Associated Press
SKOPJE, Macedonia – NATO resumed the collection of rebel weapons Friday as the peace process entered a new and potentially difficult phase – following through on promises to grant the ethnic Albanian minority more rights.
Javier Solana, the European Union’s foreign affairs chief, warned Macedonian legislators to adhere to reforms agreed to under the peace deal signed last month.
“The agreement should be considered as a whole,” Solana said in the Macedonian capital, Skopje. “The most intelligent thing would be that no changes are made.”
The peace plan is a Western-sponsored, step-by-step process that involves rebels voluntarily surrendering arms to NATO in three phases, which include parliamentary approval of legislation granting more rights to ethnic Albanians.
The alliance already has taken more than a third of the 3,300-piece rebel arsenal to be surrendered by late this month. In the second phase, NATO plans to collect another third of the weapons, or about 1,100 arms.
The second phase began when NATO resumed the weapons collection after a weeklong impasse that ended when the Macedonian parliament voted Thursday night to change the constitution.

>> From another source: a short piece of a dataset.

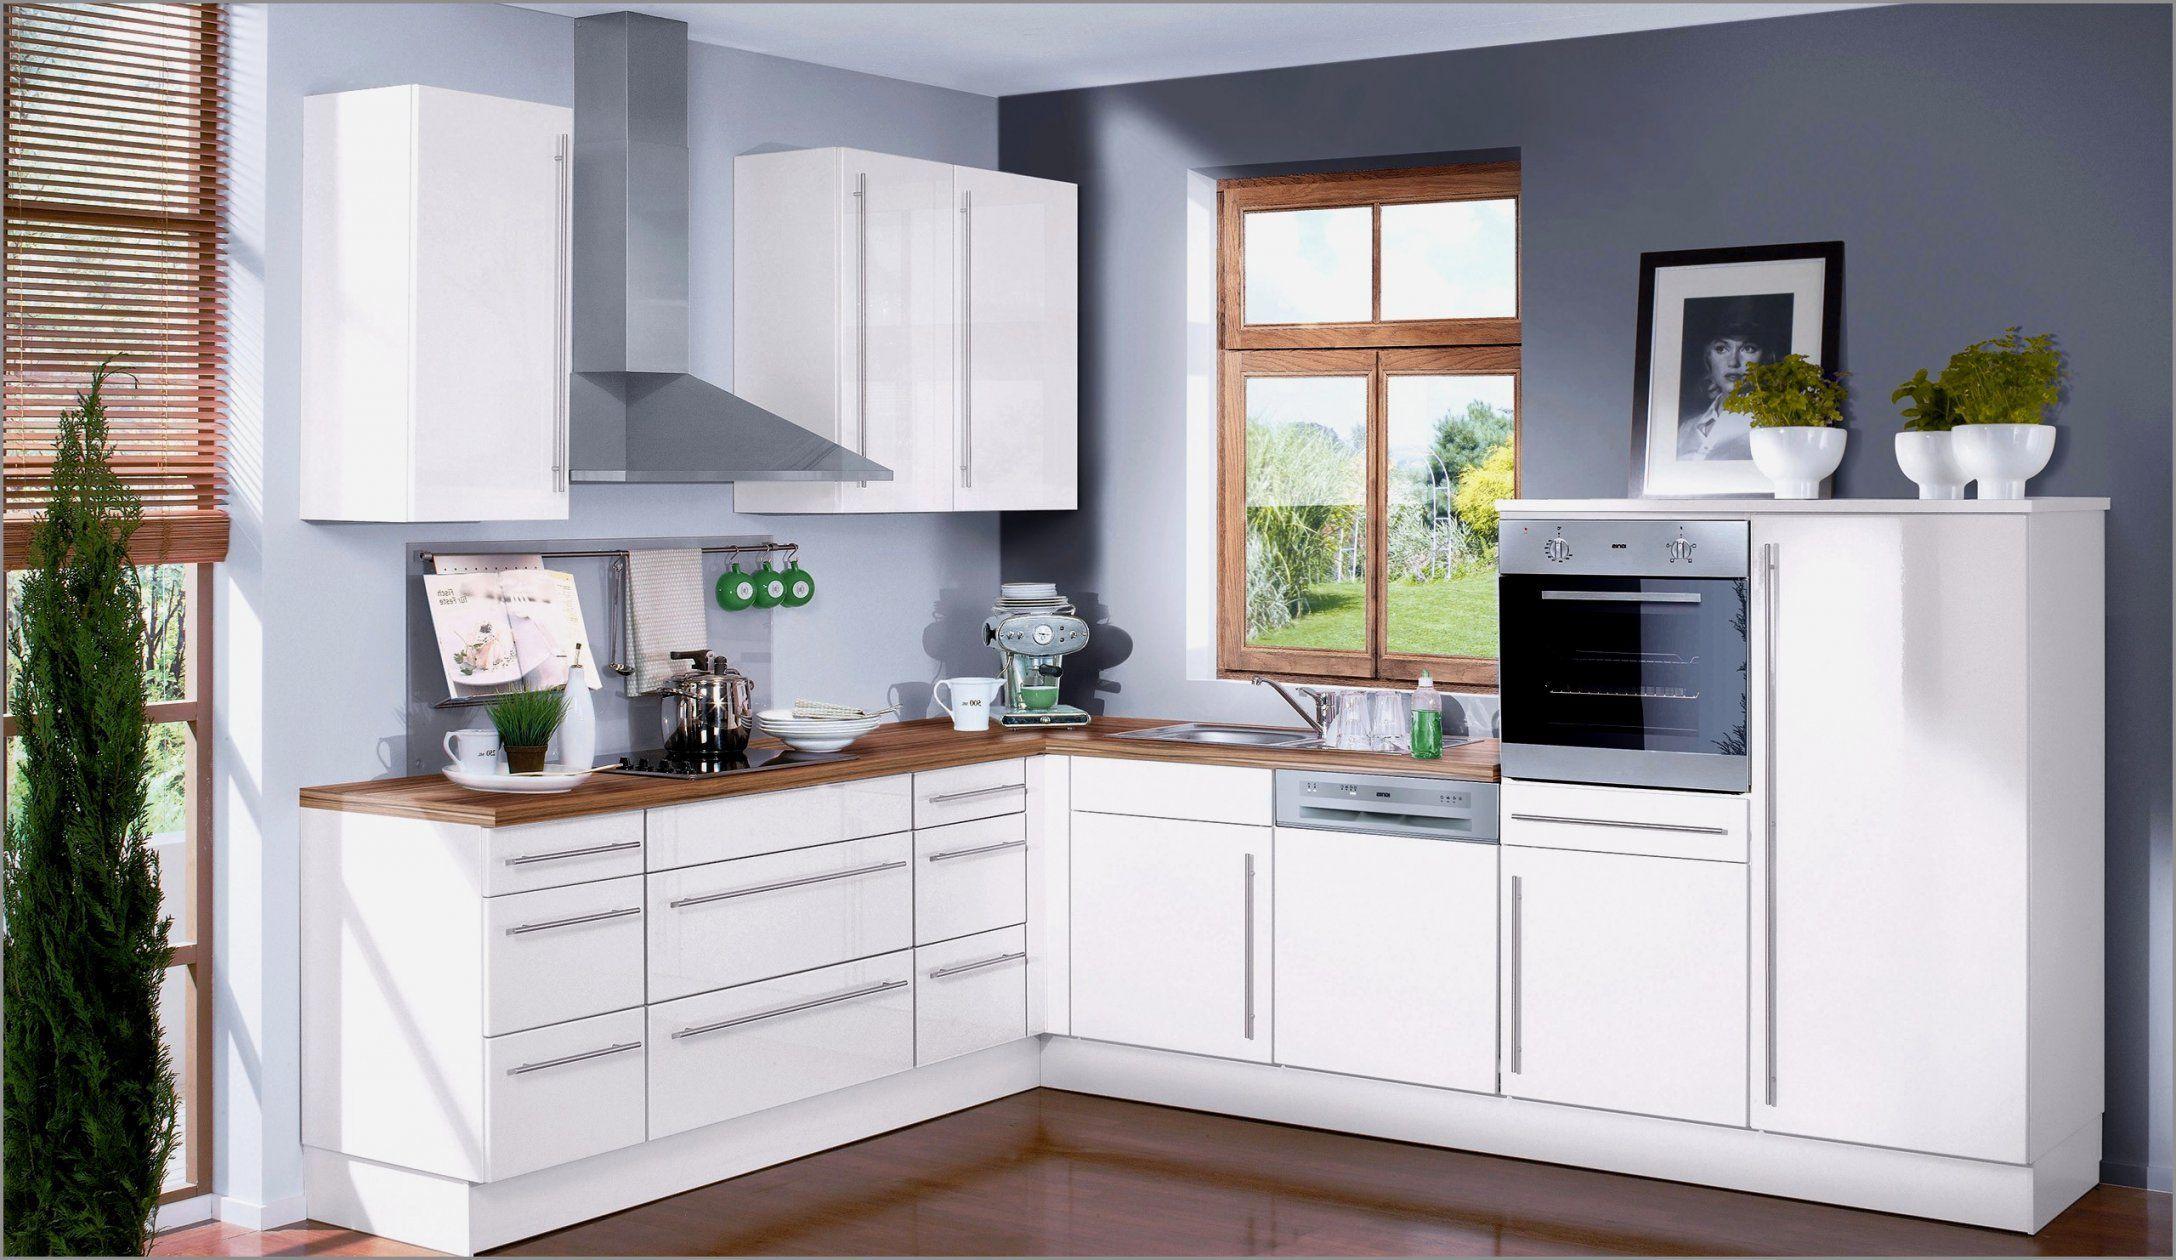 Full Size of Kleine Küche Günstig Kaufen Einbaugeräte Küche Günstig Kaufen Weiße Ware Küche Günstig Kaufen Küche Günstig Kaufen Hamburg Küche Küche Günstig Kaufen

Chanting “We are Albanian heroes,” about 200 fighters of the rebel National Liberation Army gathered in the northern village of Radusa, near the border with Kosovo, to hand in their arms Friday.
“We are giving up every last bullet,” said Mevlud Bushi, a 19-year-old fighter. But he added that “if we feel at any point concerned, we will buy new arms.”
A tractor-trailer carried in large anti-tank shells, while mission spokesman Maj. Alexander Dick said the majority of weapons surrendered were automatic assault rifles.